EXPLAIN ANALYZE CREATE TABLE osm_admin_lines_split AS
SELECT osm_id, name, admin_level, name_en, name_fr, area, iso, is_in, 
ST_SubDivide(ST_Collect(ST_ExteriorRing(the_geom)),5000) AS geometry
FROM (SELECT osm_id, name, admin_level, name_en, name_fr, area, iso, is_in, 
(ST_Dump(geometry)).geom AS the_geom FROM osm_admin_areas) AS foo
GROUP BY osm_id, name, admin_level, name_en, name_fr, area, iso, is_in;
                                                                                
                      QUERY PLAN
-----------------------------------------------------------------------------------------------------------------------------------------------------------------------------------------------------------------------
 ProjectSet  (cost=272668581.44..3513224466.44 rows=612003000000 width=65) 

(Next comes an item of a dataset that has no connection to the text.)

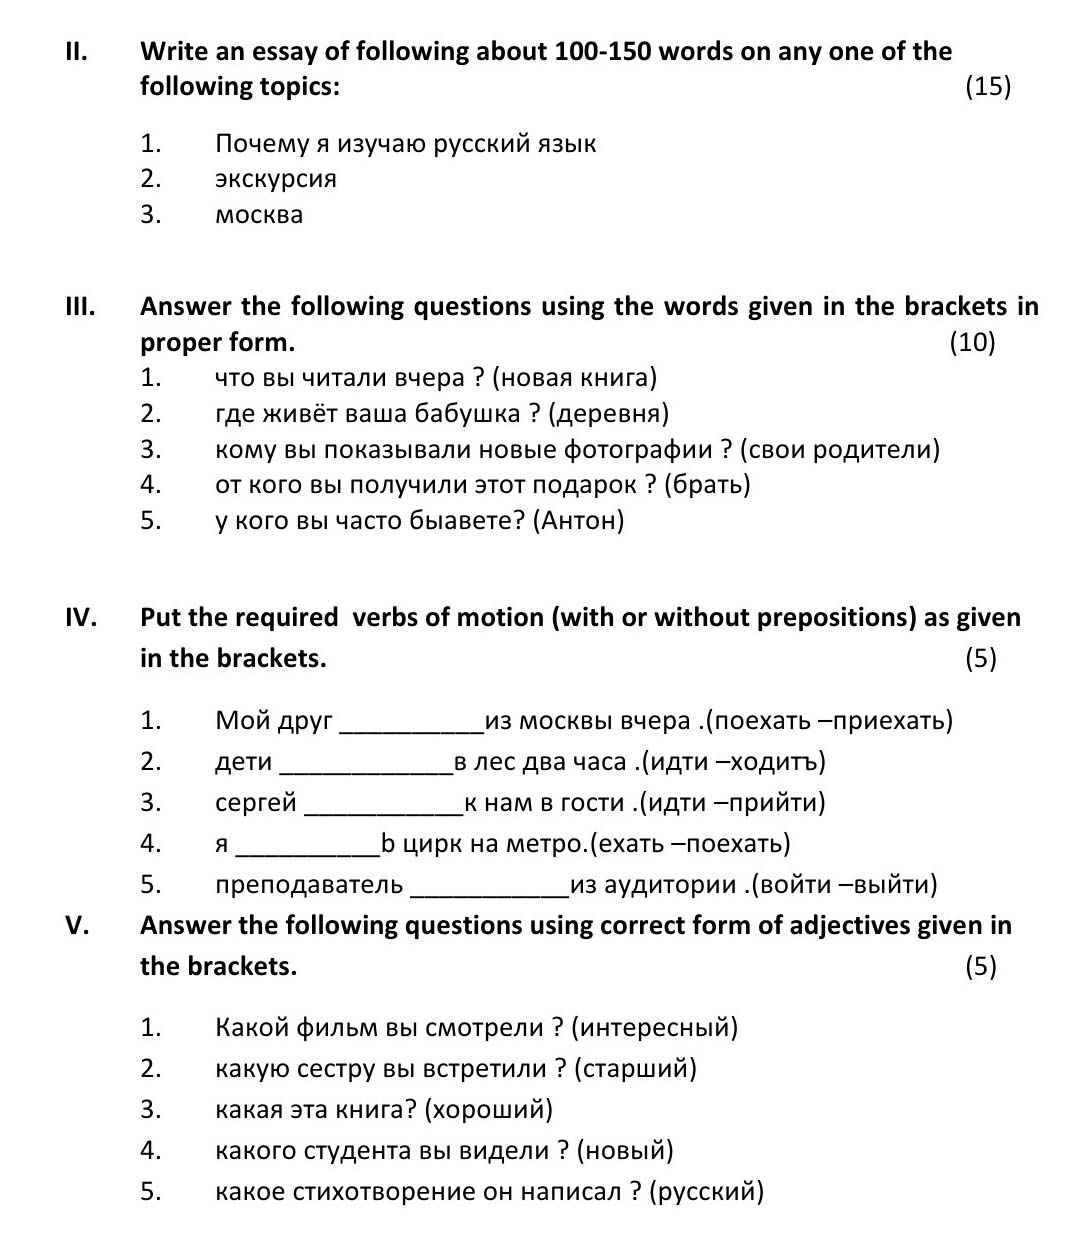 Russian CBSE Class X Sample Question Paper 2018-19 - Image 2

(actual time=56997.276..91803.763 rows=739733 loops=1)
   ->  GroupAggregate  (cost=272668581.44..297148701.44 rows=612003000 
width=65) (actual time=56997.263..69736.892 rows=611704 loops=1)

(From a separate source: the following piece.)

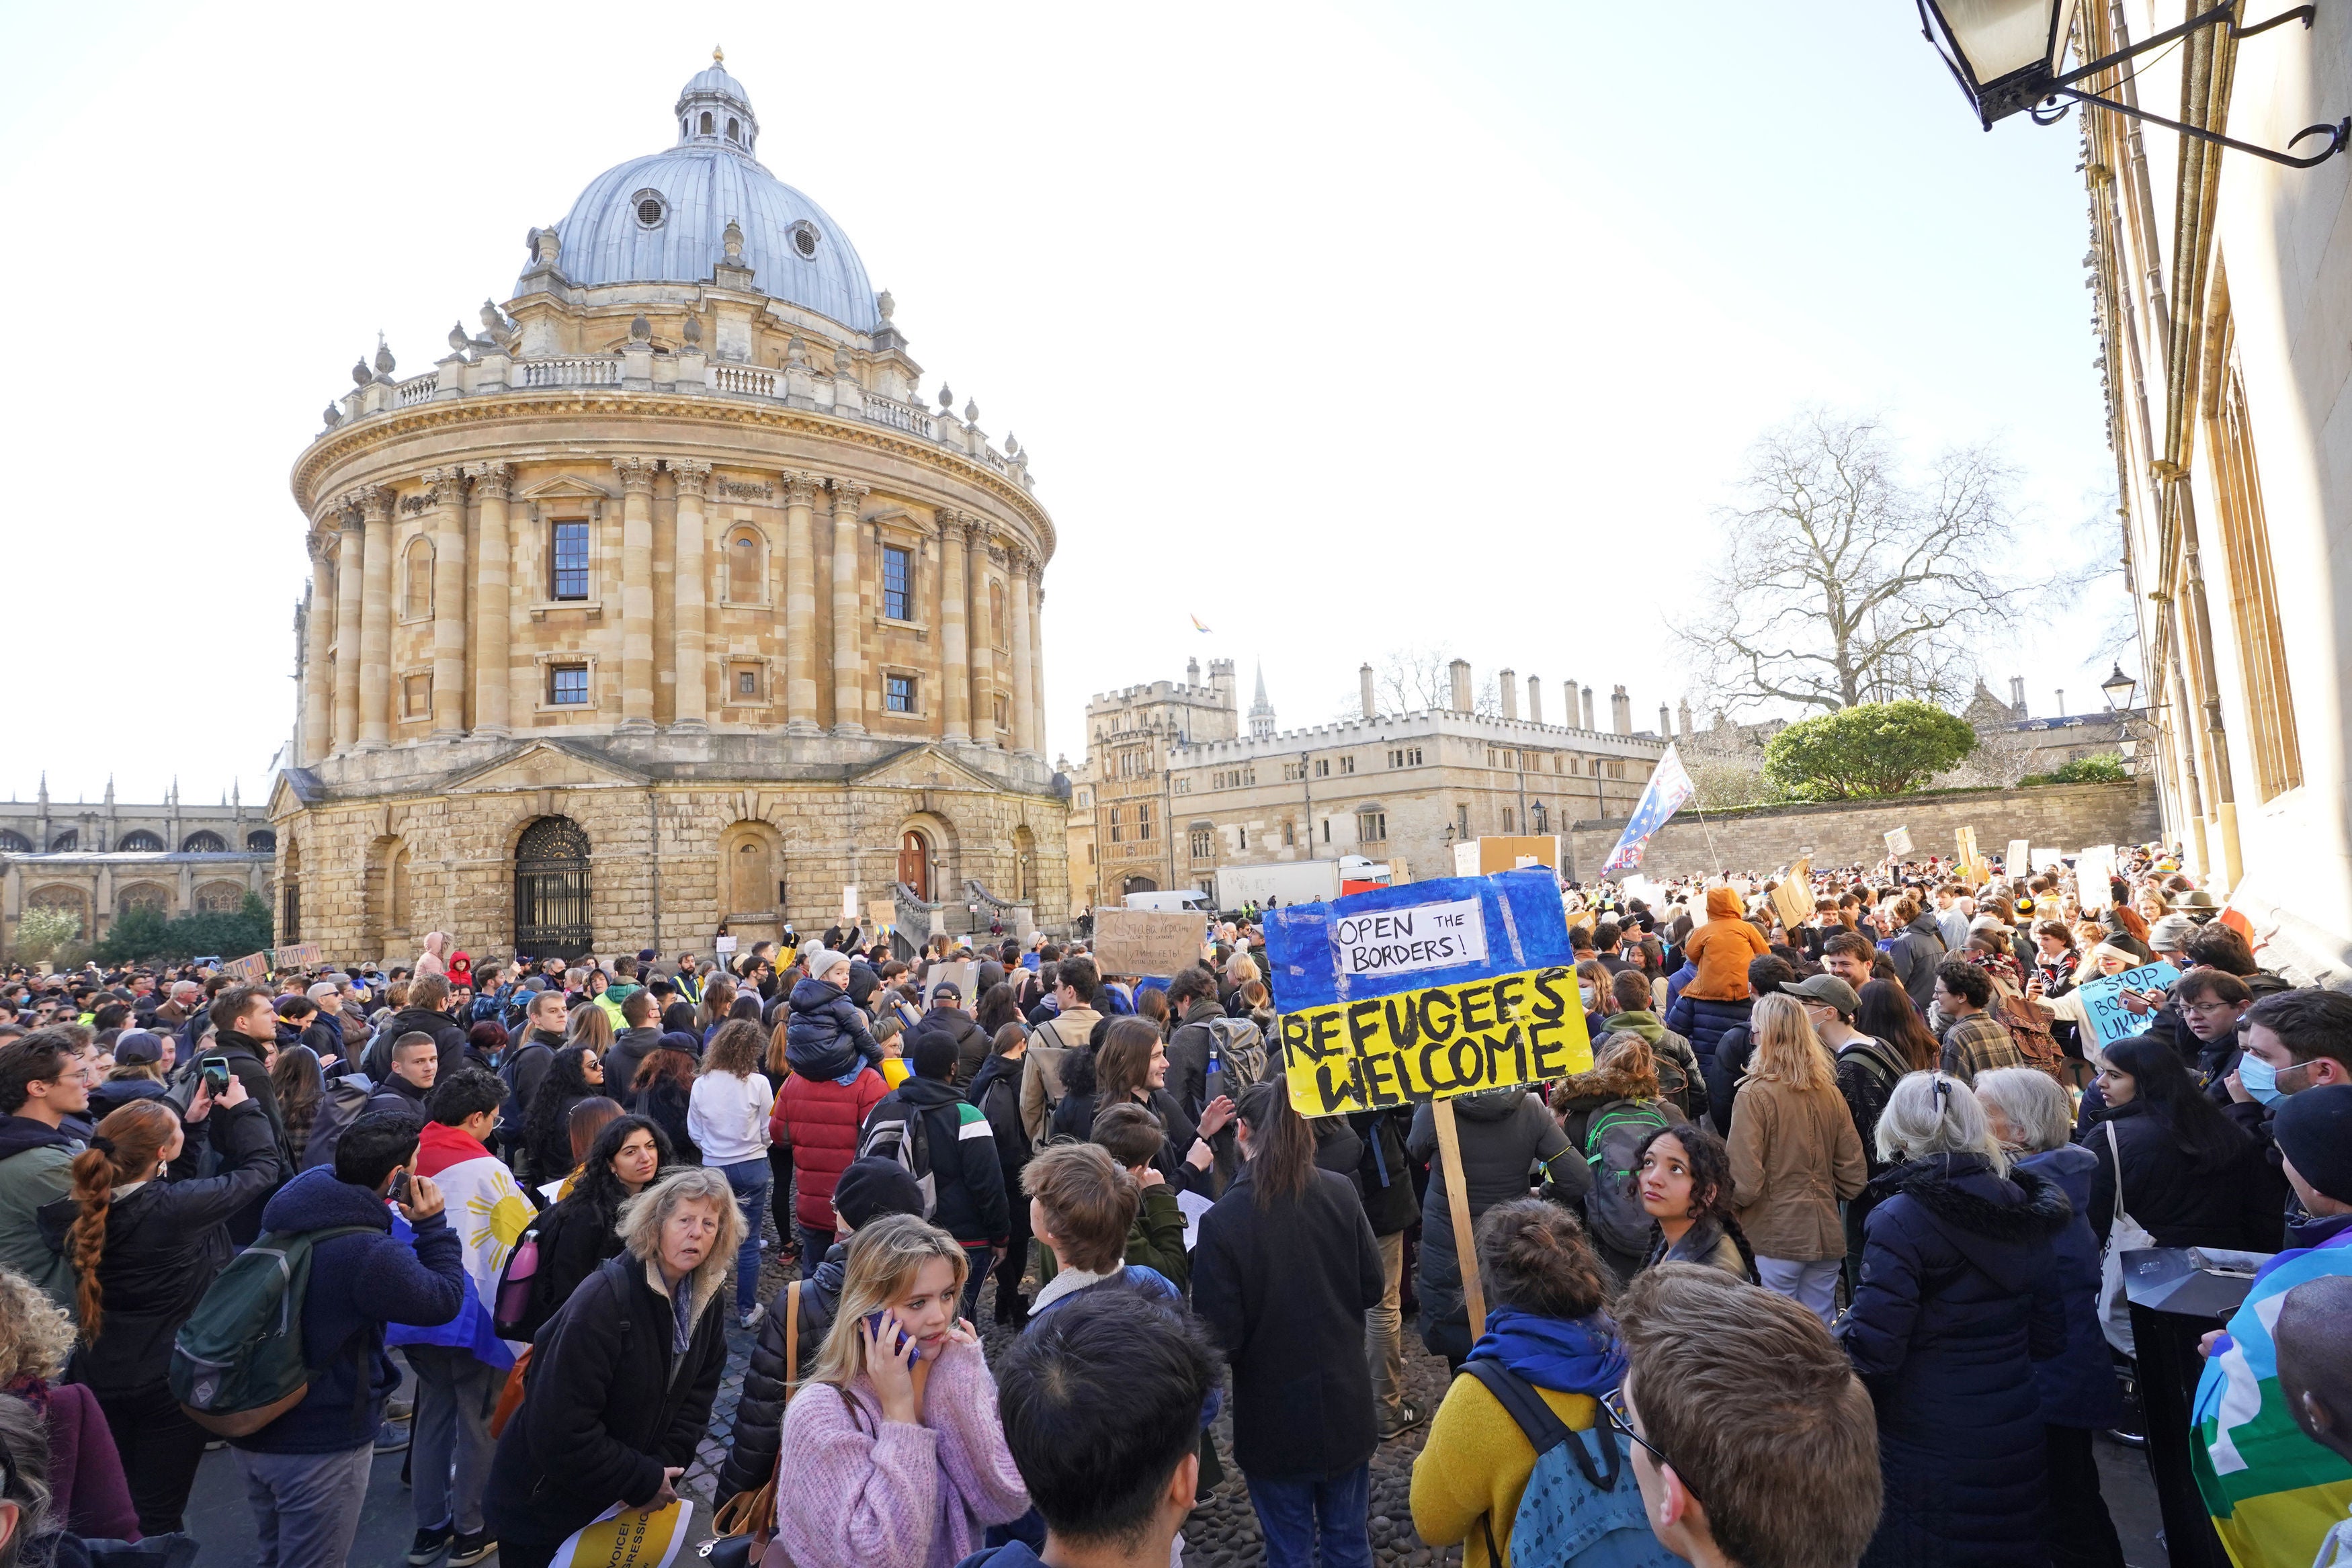 People take part in a demonstration outside the the Radcliffe Camera in Oxford, to denounce the Russian invasion of Ukraine

         Group Key: osm_admin_areas.osm_id, osm_admin_areas.name, 
osm_admin_areas.admin_level, osm_admin_areas.name_en, osm_admin_areas.name_fr, 
osm_admin_areas.area, osm_admin_areas.iso, osm_admin_areas.is_in
         ->  Sort  (cost=272668581.44..274198588.94 rows=612003000 width=65) 

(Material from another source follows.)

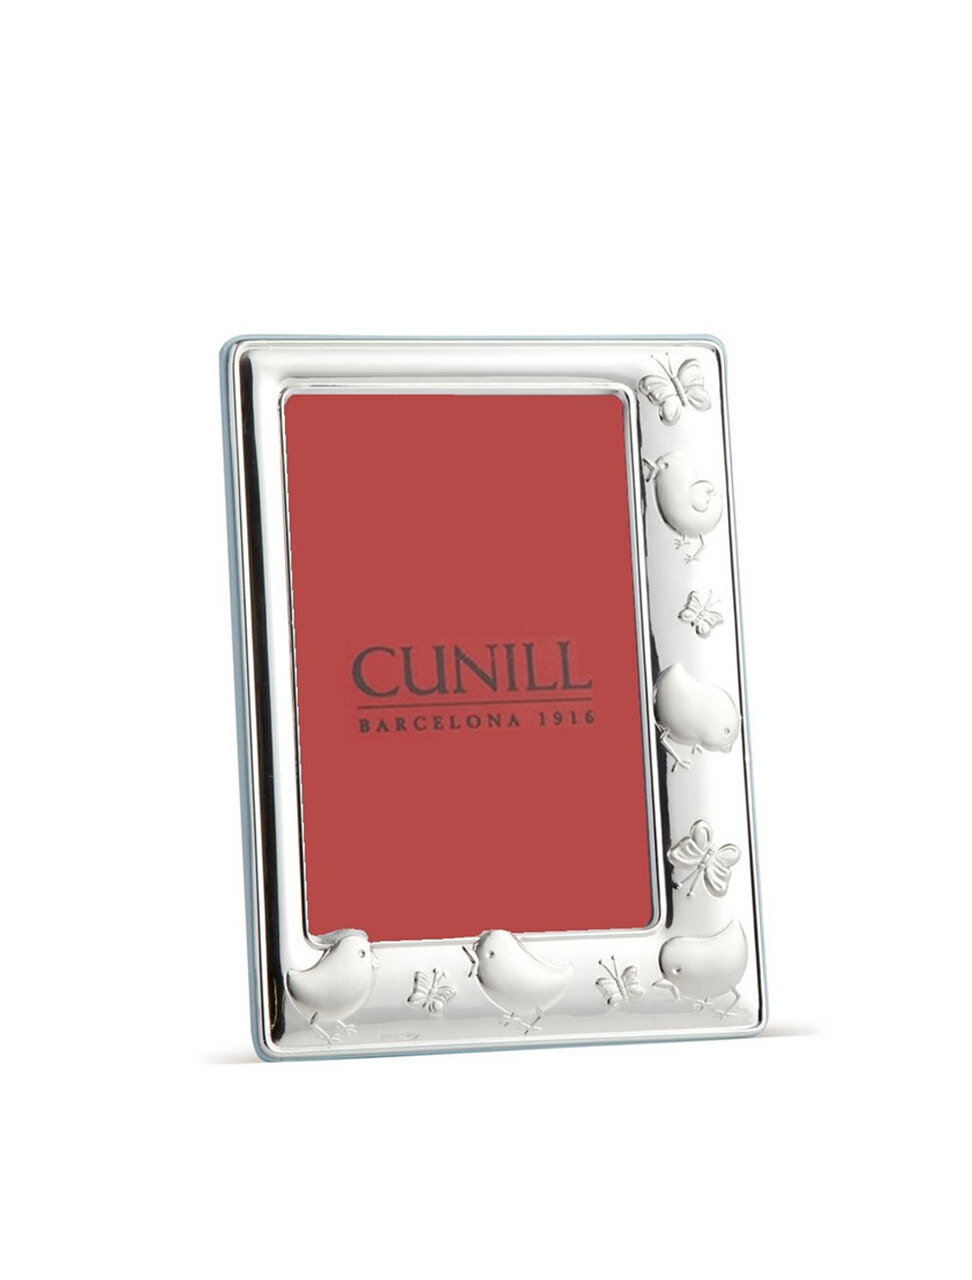 Cunill Chicks & Butterflies 4 x 6 Inch Picture Frame Pink back - Sterling Silver
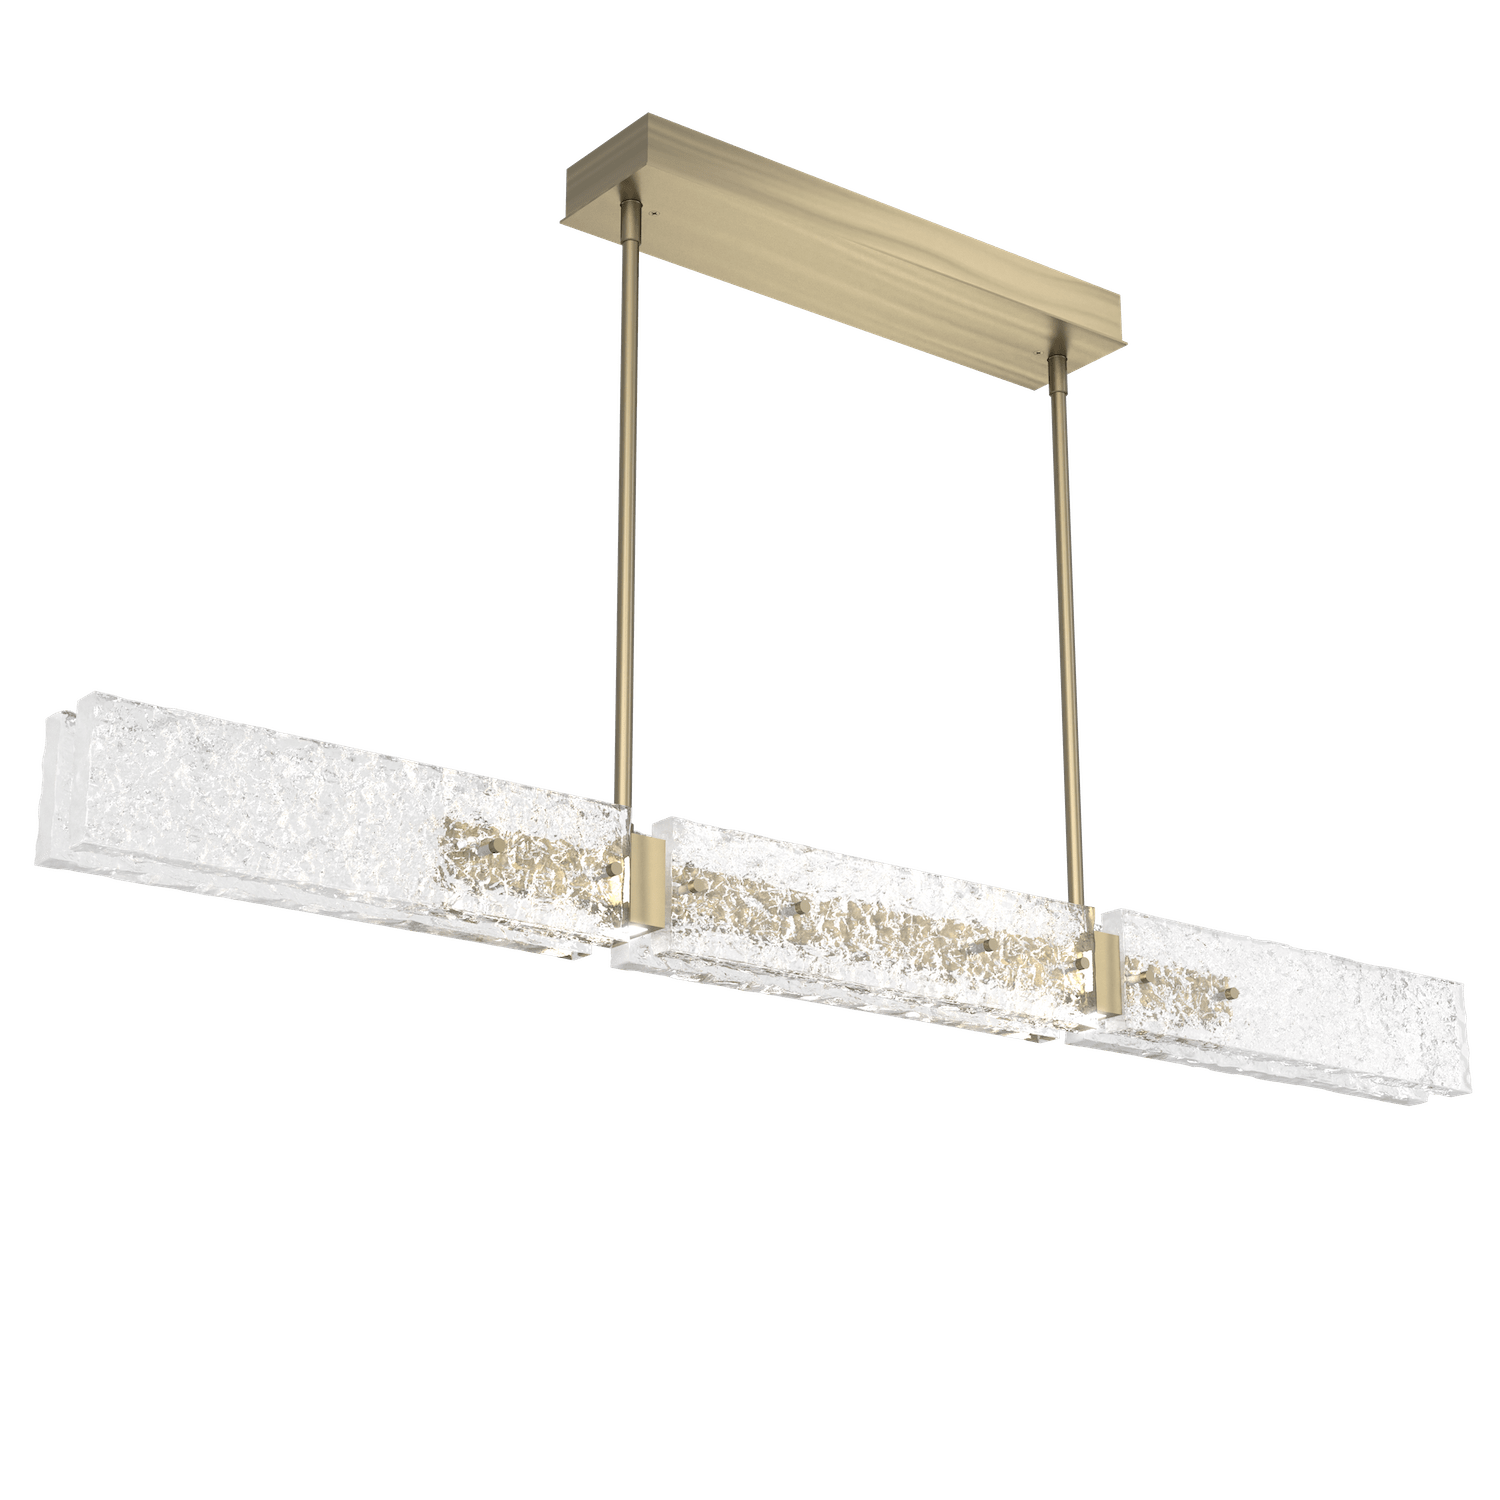 PLB0061-50-HB-GC-Hammerton-Studio-Glacier-50-inch-linear-chandelier-with-heritage-brass-finish-and-clear-blown-glass-with-geo-clear-cast-glass-diffusers-and-LED-lamping

(actual time=56997.204..61484.384 rows=708178 loops=1)
               Sort Key: osm_admin_areas.osm_id, osm_admin_areas.name, 
osm_admin_areas.admin_level, osm_admin_areas.name_en, osm_admin_areas.name_fr, 
osm_admin_areas.area, osm_admin_areas.iso, osm_admin_areas.is_in
               Sort Method: external merge  Disk: 4087800kB
               ->  Result  (cost=0.00..162527467.79 rows=612003000 width=65) 
(actual time=6.103..44923.073 rows=708178 loops=1)
                     ->  ProjectSet  (cost=0.00..3406687.79 rows=612003000 
width=65) (actual time=6.095..44633.240 rows=708178 loops=1)
                           ->  Seq Scan on osm_admin_areas  
(cost=0.00..190612.03 rows=612003 width=6983) (actual time=0.103..4156.204 
rows=611707 loops=1)
 Planning time: 4.031 ms
 Execution time: 193917.392 ms
(11 rows)

> Am 20.02.2020 um 14:49 schrieb Stefan Duling <stefan.dul...@mapz.com>:
> 
> Hi Imre,
> 
> thanks for showing the other discussions. It really seems like it’s a very 
> similar problem.
> 
> I tried:
> 
> - jit = off
> - max_parallel_workers_per_gather = 0
> - jit = off with max_parallel_workers_per_gather = 0
> - ANALYZE osm_admin_areas; before the query
> 
> Sadly those options have not the effect to bring the query time close to the 
> old setup with postgres 10
> 
> Next ideas I plan to test:
> - There is one further difference between the 2 setups: I use Imposm to 
> import the data. On the old setup (postgres10) I use v0.8.1, on the new setup 
> (postgres12) I use v0.10.0. Although the geometry column contains exactly the 
> same data in both setups, it could be worth to test it. Imposm was used by 
> the others in your linked discussions too.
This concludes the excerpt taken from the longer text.